PACKET EDITORIAL, May 16

By: Packet Editorial
   There isn’t a newspaper in America today that isn’t looking at itself in the proverbial mirror and asking: Could a Jayson Blair happen here?
   A Jayson Blair, for anyone who may have just emerged from five days in a cave, is the new shorthand for an elaborate hoax — pulled off by one remarkably imaginative but thoroughly unscrupulous reporter — that has the effect of not only tarnishing the image of the paper he worked for but undermining the credibility of the entire profession.
   The revelation that Mr. Blair succeeded in consistently filing made-up stories, quoting sources he never interviewed or met, reporting on events he never attended, lifting entire paragraphs from stories in other papers, submitting phony expense vouchers and otherwise defrauding the editors — and, ultimately, the readers — of The New York Times is astonishing.
   It is all the more astonishing to those of us in the profession who are out there gathering information and writing articles every day. To anyone who has performed these tasks, it’s apparent that Mr. Blair had to invest as much time and energy weaving the elaborate web necessary to carry out his deception as it would have taken to actually cover the events he didn’t bother to cover and interview the people he never bothered to interview.
   This is just one of the elements that make this story so fascinating: Why go to such extraordinary lengths to be deceitful when it would have been just as easy to be honest? And this wasn’t just a one-shot deal, like Janet Cooke pulled at The Washington Post when she won the Pulitzer Prize for a story about a drug-addicted youngster who turned out not to exist. This was a painstaking pattern of deception — in assignment after assignment — over an extended period. Tempted though we may be to speculate about the motivation behind this sort of subterfuge, we’ll leave the analysis of this particular pathology to the behavioral experts — and, perhaps, a later editorial.

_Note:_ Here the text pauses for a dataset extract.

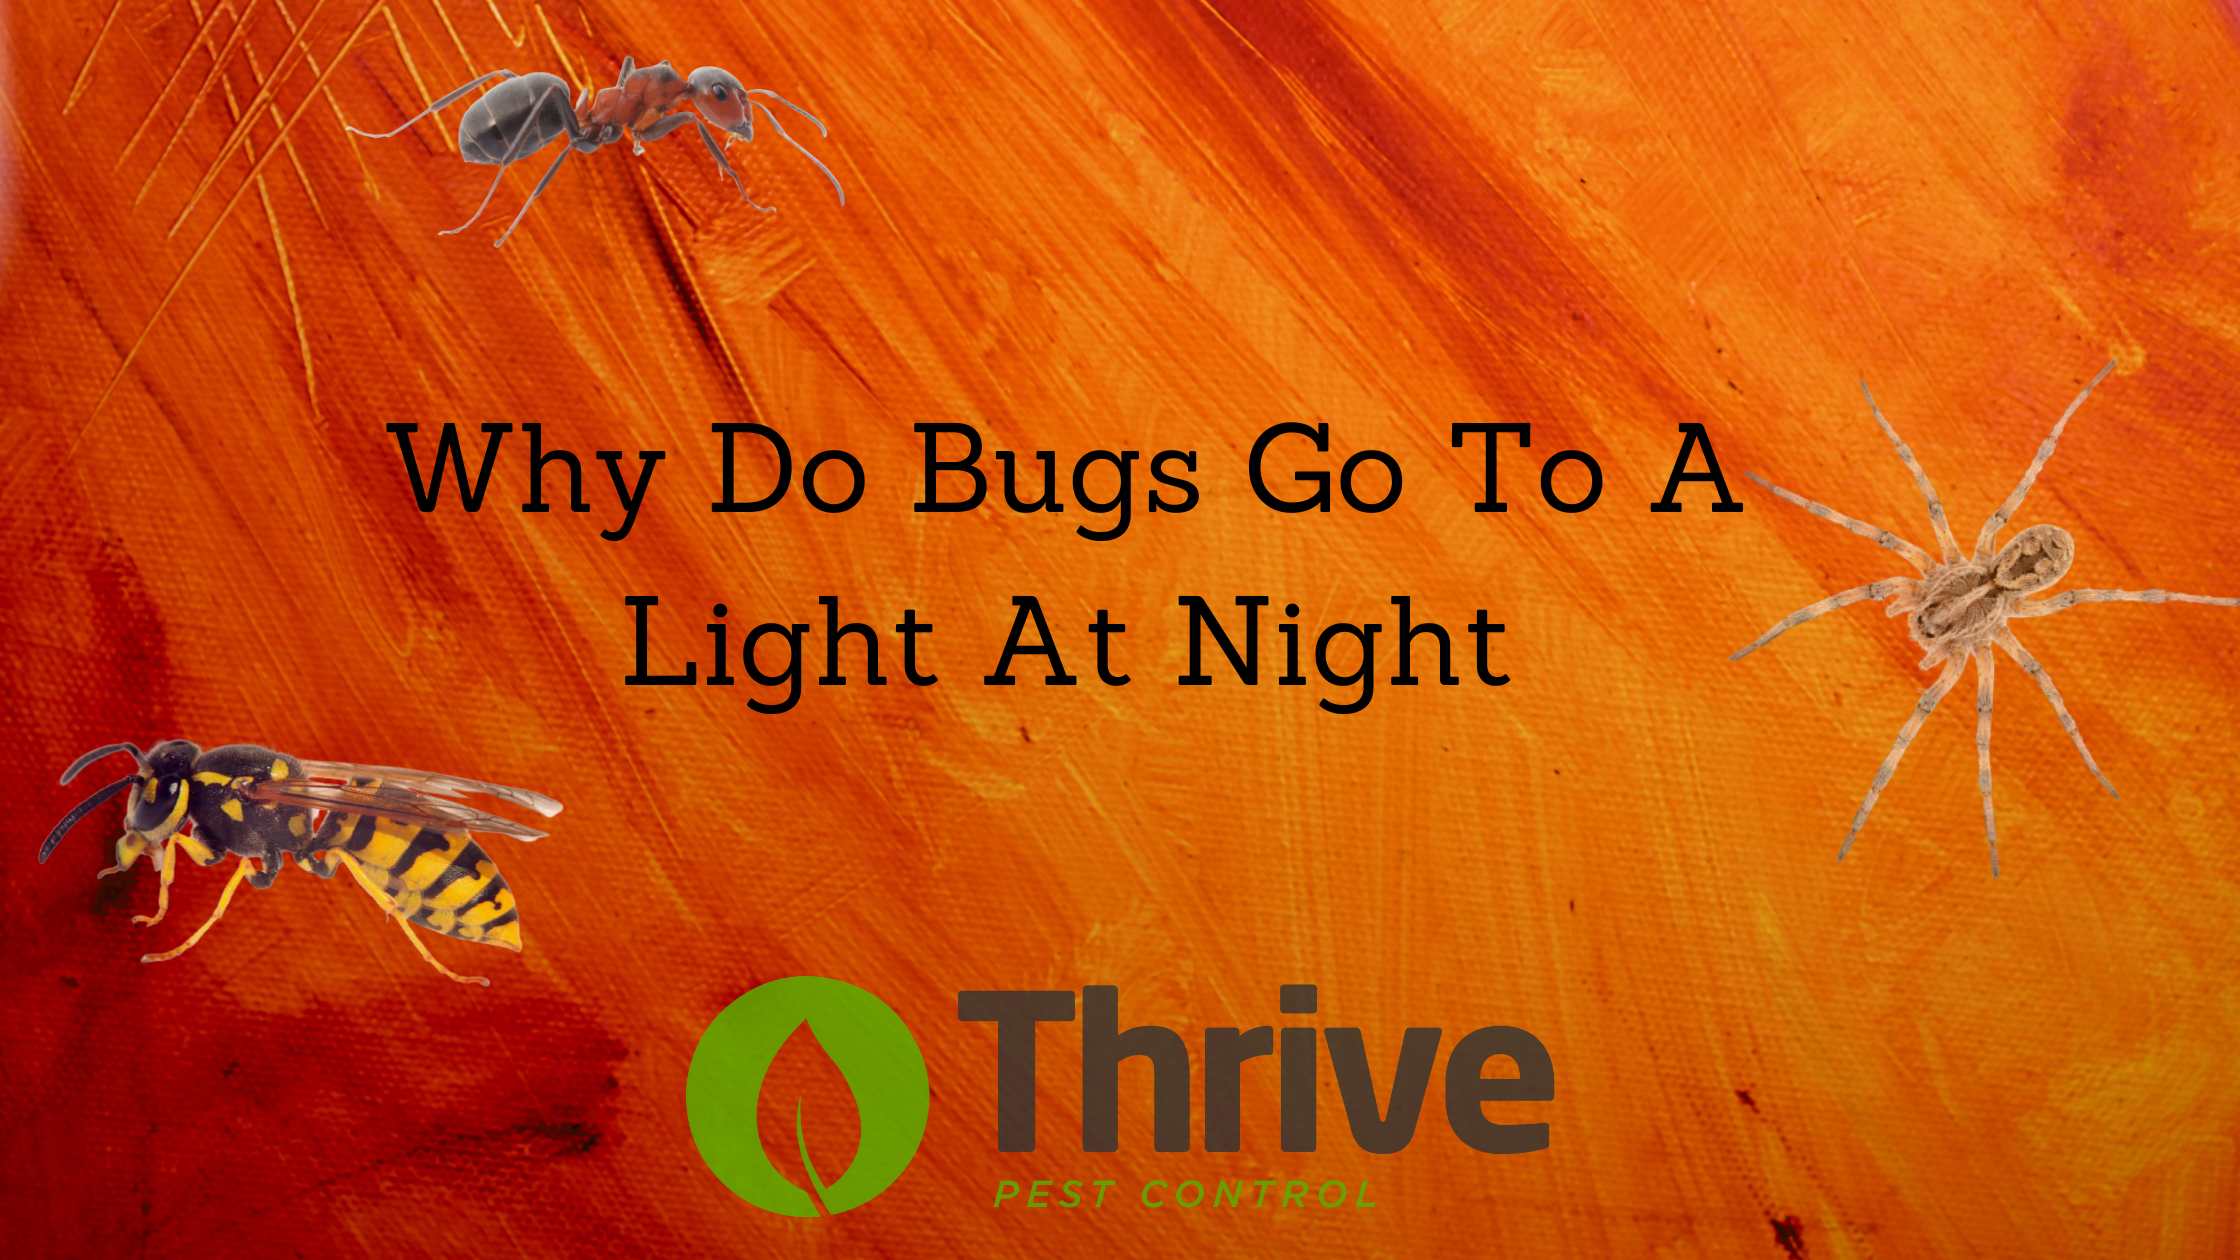 Why Do Bugs Go To A Light At Night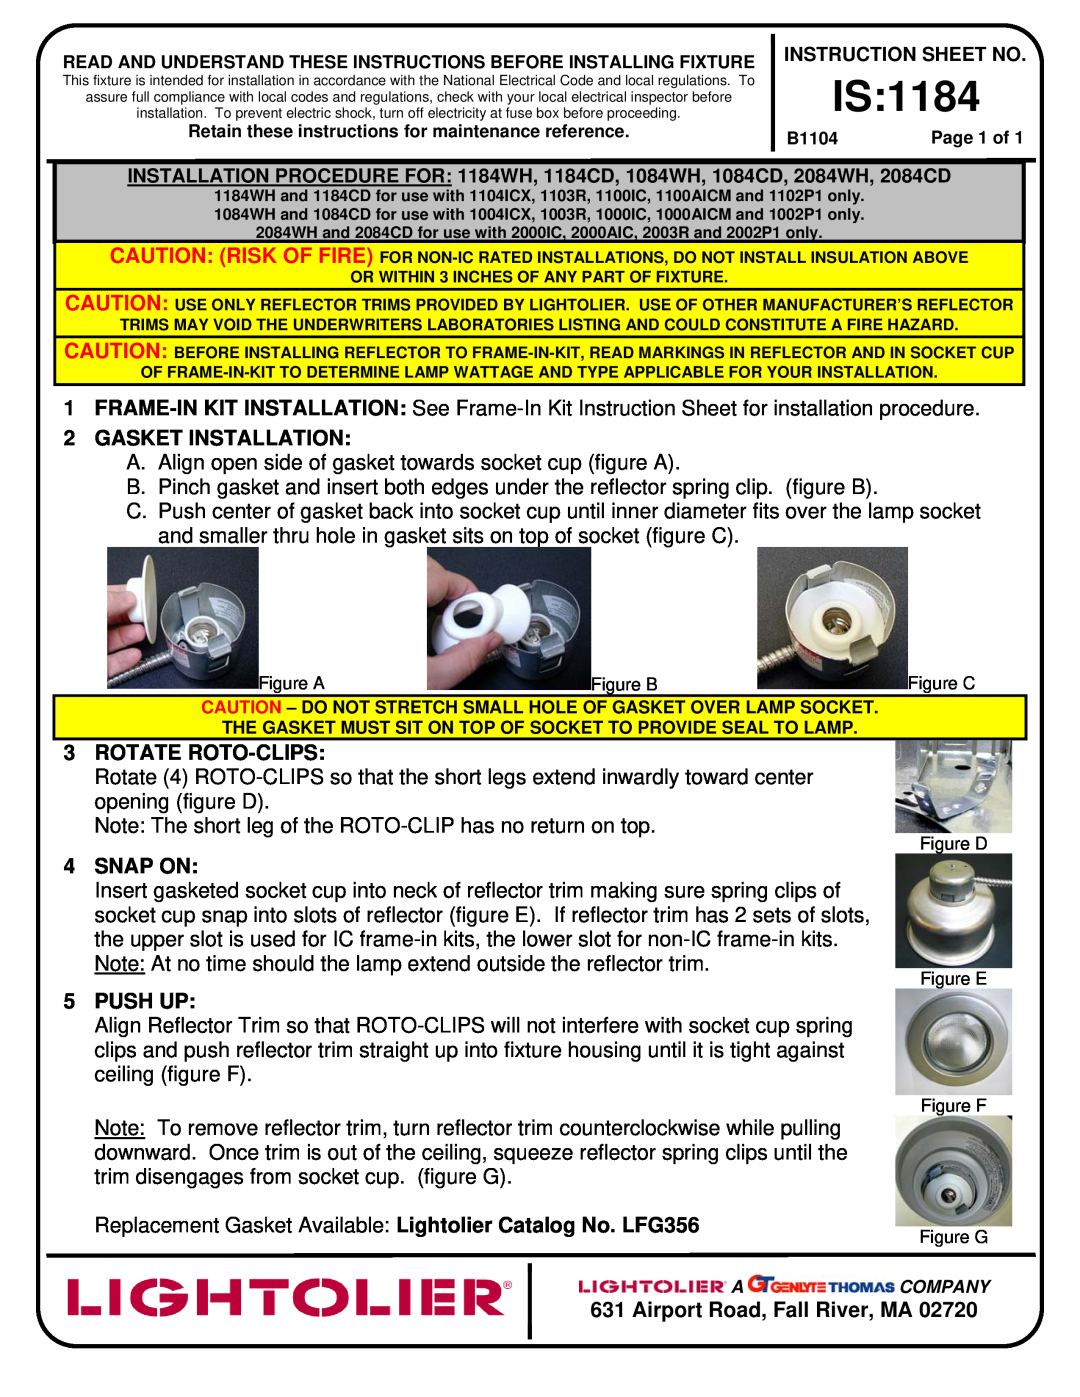 Lightolier 1184WH, 1184CD, 2084WH instruction sheet 2GASKET INSTALLATION, 3ROTATE ROTO-CLIPS, Snap On, 5PUSH UP, Is

   Another fascinating element is Mr. Blair’s race. He’s an African American, and the top management at The Times was evidently willing to overlook a string of red flags that got placed in his personnel file — including a straightforward plea from one editor that the paper stop running Mr. Blair’s stories — in the interest of promoting diversity in the newsroom. Tempted though we may be to weigh in on this highly charged issue, we’ll leave the analysis of The Times’ decision to the affirmative-action experts — and, perhaps, a later editorial.
   In our own world of journalism, the biggest element here is the damage this incident has caused not just to The Times but to all newspapers — and, by extension, to all media. This is an industry that is built on credibility and already has more than its share of critics; we tend to rank somewhere slightly above used-car salesmen and state legislators but way down below teachers, doctors and a host of other professions in terms of public trust. If The New York Times, widely regarded as the nation’s newspaper of record, can’t even control the ethical conduct of its own reporters, how can any of us put ourselves forward as exemplars of credibility?
   There is one advantage, it turns out, in community journalism. If one of our reporters files a story about a school board or planning board or shade tree commission meeting he or she didn’t actually attend, we’re pretty likely to hear about it — since our reporter usually accounts for anywhere from 25 percent to 100 percent of the audience at one of these meetings. This offers us some momentary solace in the wake of the Blair affair, though not a whole lot of comfort about the current condition of our civic life.
   But that, too, is a subject best left to a later editorial.